Without the raw part in the URL, we’d be presented the artifact download or preview page.
Lastly the rules
are to run this job only if a commit is made to the default branch or when a
tag has been created, or both.
release_job:
stage: deploy
image: registry.gitlab.com/gitlab-org/release-cli:latest
rules:
- if: $CI_COMMIT_TAG # Run this job when a tag is created
script:
- echo "running release_job"
release: # See https://docs.gitlab.com/ee/ci/yaml/#release for available properties
tag_name: $CI_COMMIT_TAG
name: 'Release $CI_COMMIT_TAG'
description: 'Release created for version $VERSION.'
assets:
links:
- name: '$TARBAL_FILENAME'
url: '$DOWNLOAD_LINK'
The release job uses the release-cli
command line tool. I followed the instructions on the
GitLab documentation
on how to use the release
and the only thing that was missing there was how to get the link to an artifact
built in a prior job of this pipeline. I chose to store the link to the download in an environment
variable at DOWNLOAD_LINK
and this seems to work out fine.
I did wonder how release-cli
knows where to connect to and what defaults to use, but apparently
this is just picking it up from the predefined CI_
environment variables.
Conclusion
Finally, another blog post after a short 8-year break. I figured to make it a bit meta by having the topic on the blog itself and how I revived it. One part is missing, which is how I am deploying the automatically built tarballs. This is not automatic yet, and I will have to think about how I want to do that. It’ll be a topic in another post. I don’t yet know if I want to push it from my CI/CD pipeline, because then I’ll need to have some credentials on there. Pulling it from a cron job on the target box could also work, but is a bit lame I think.

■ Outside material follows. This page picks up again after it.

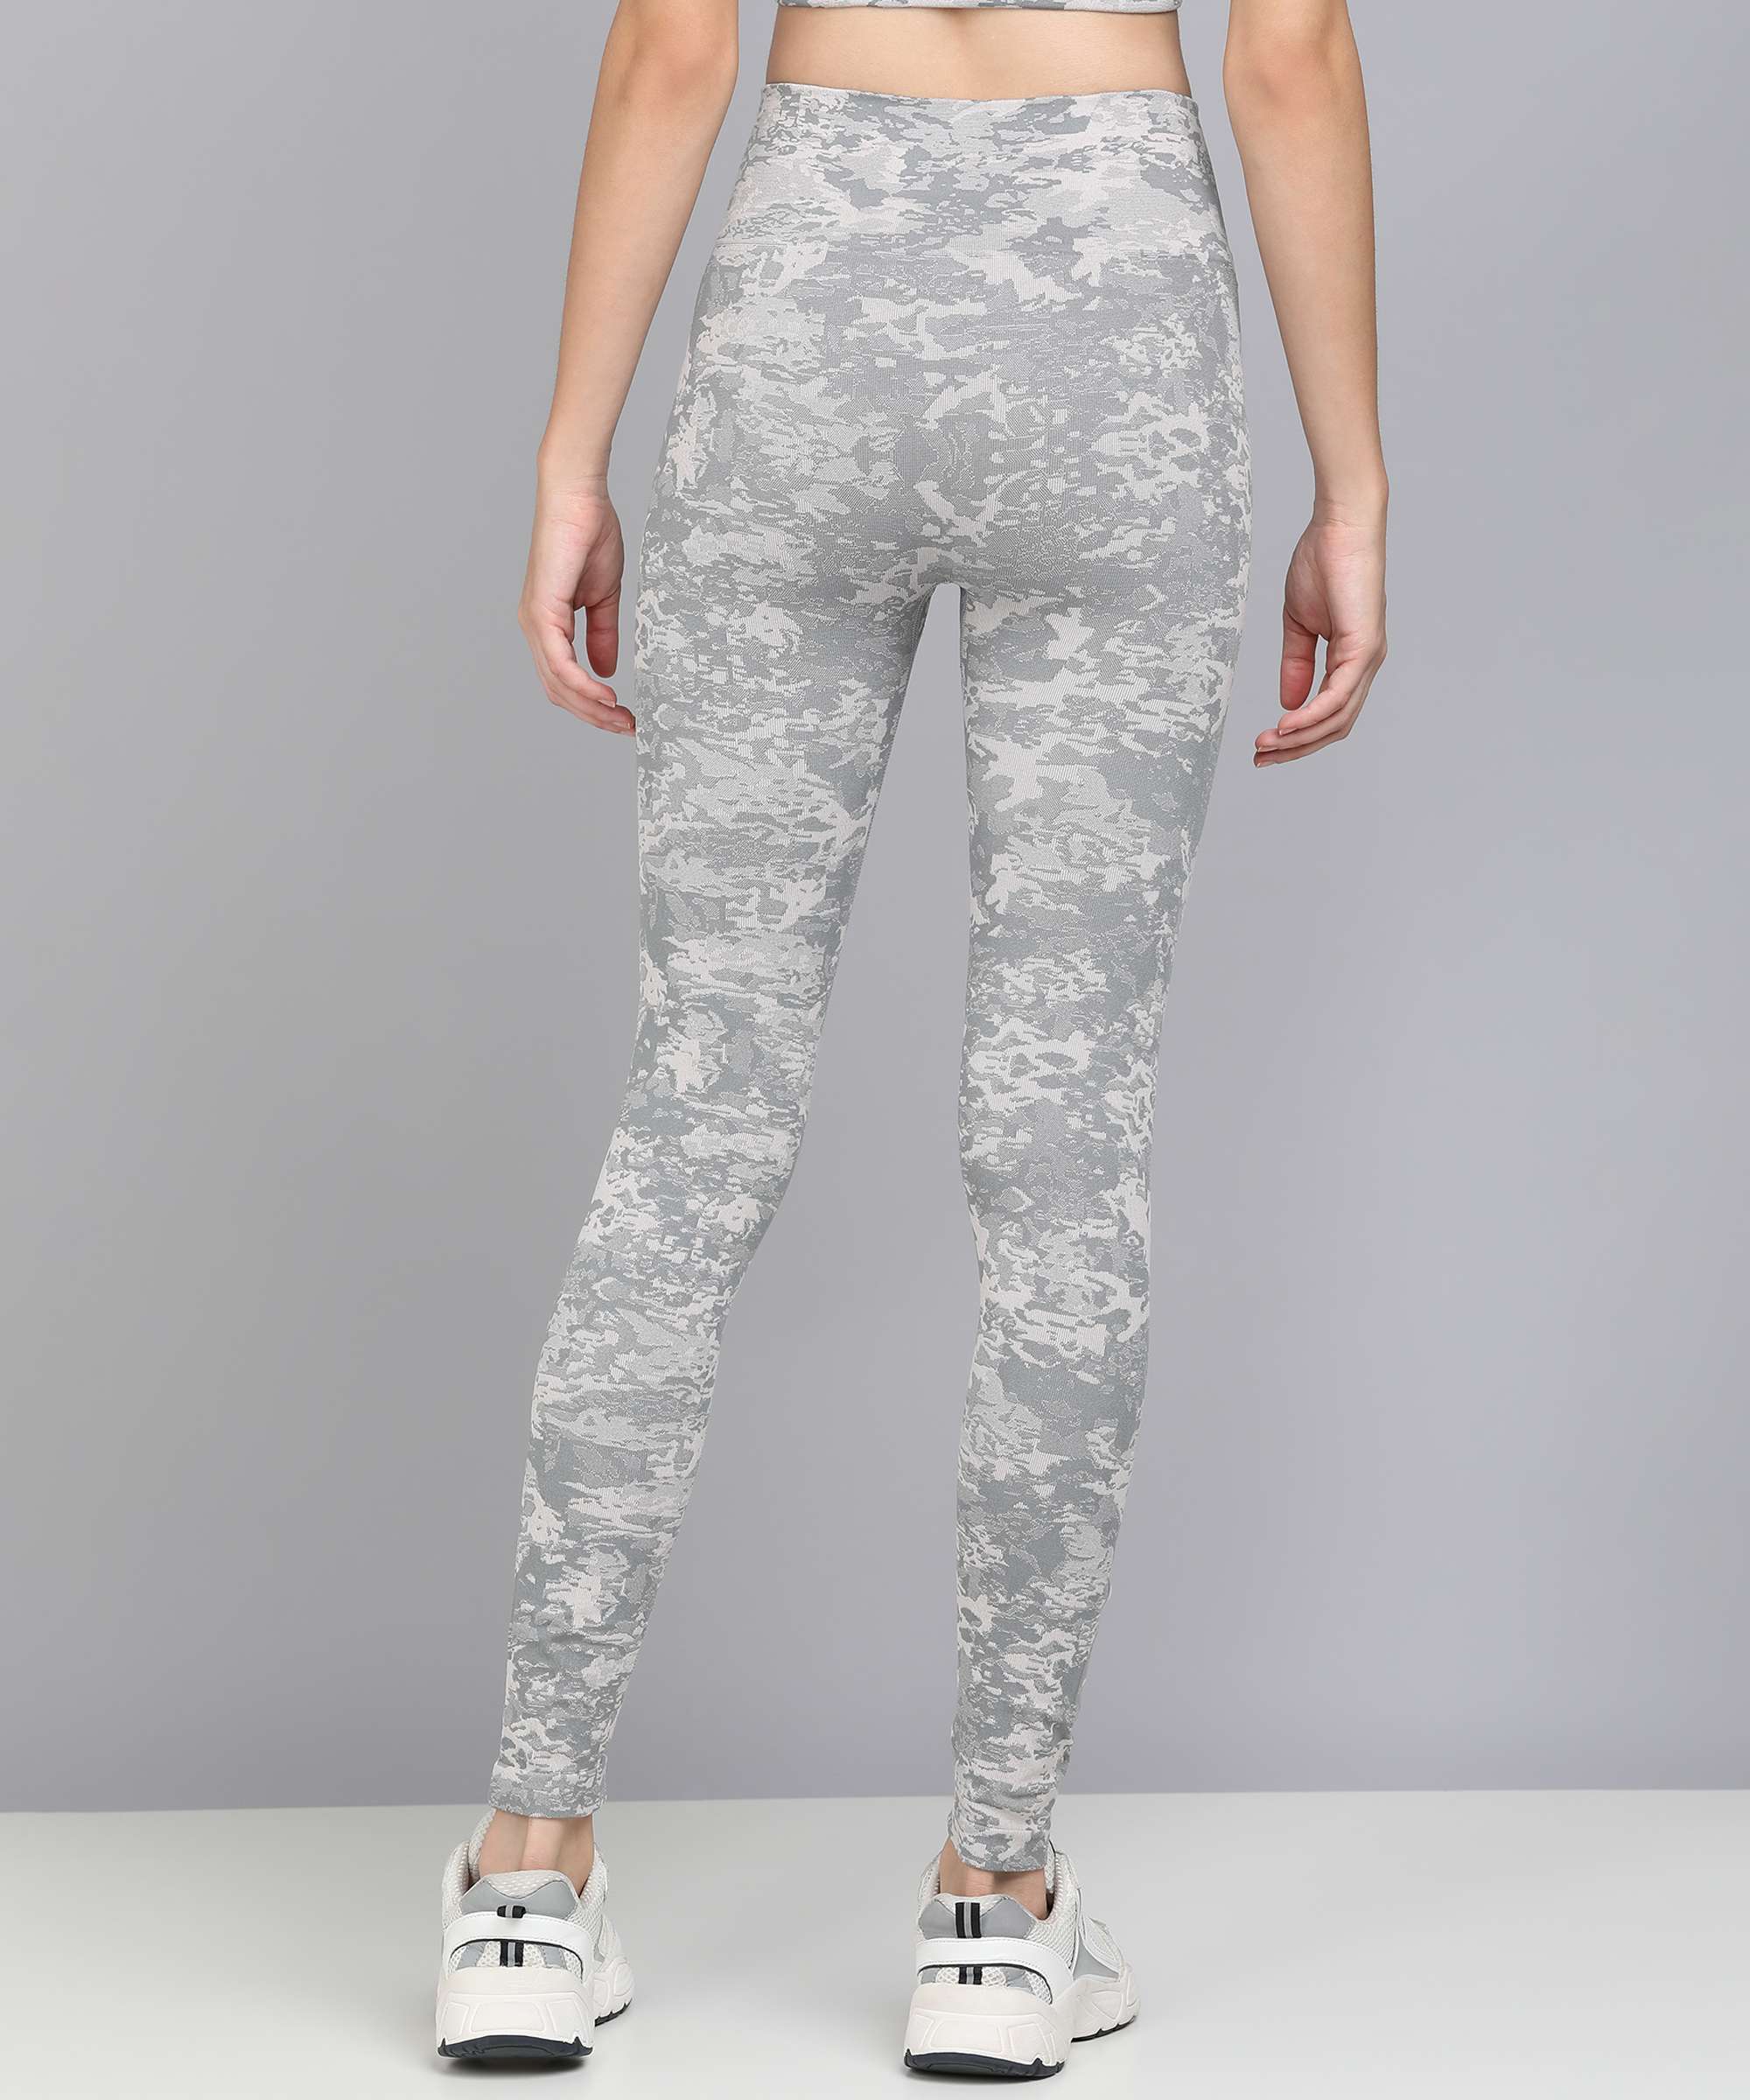 Seamless Camo Leggings - KOBO SPORTS - Exclusively Designed for

Other ideas for topics include some research and maybe implementation of a commenting system. I want the blog te remain a static HTML site, so that’ll be interesting. And I am also working again on a tower defense game, this time using Bevy Engine in rust and I want to share my learnings on Entity Component Systems which I think are super cool. For The game I’ll also be using AI art generation and maybe ChatGPT to help me with some story elements!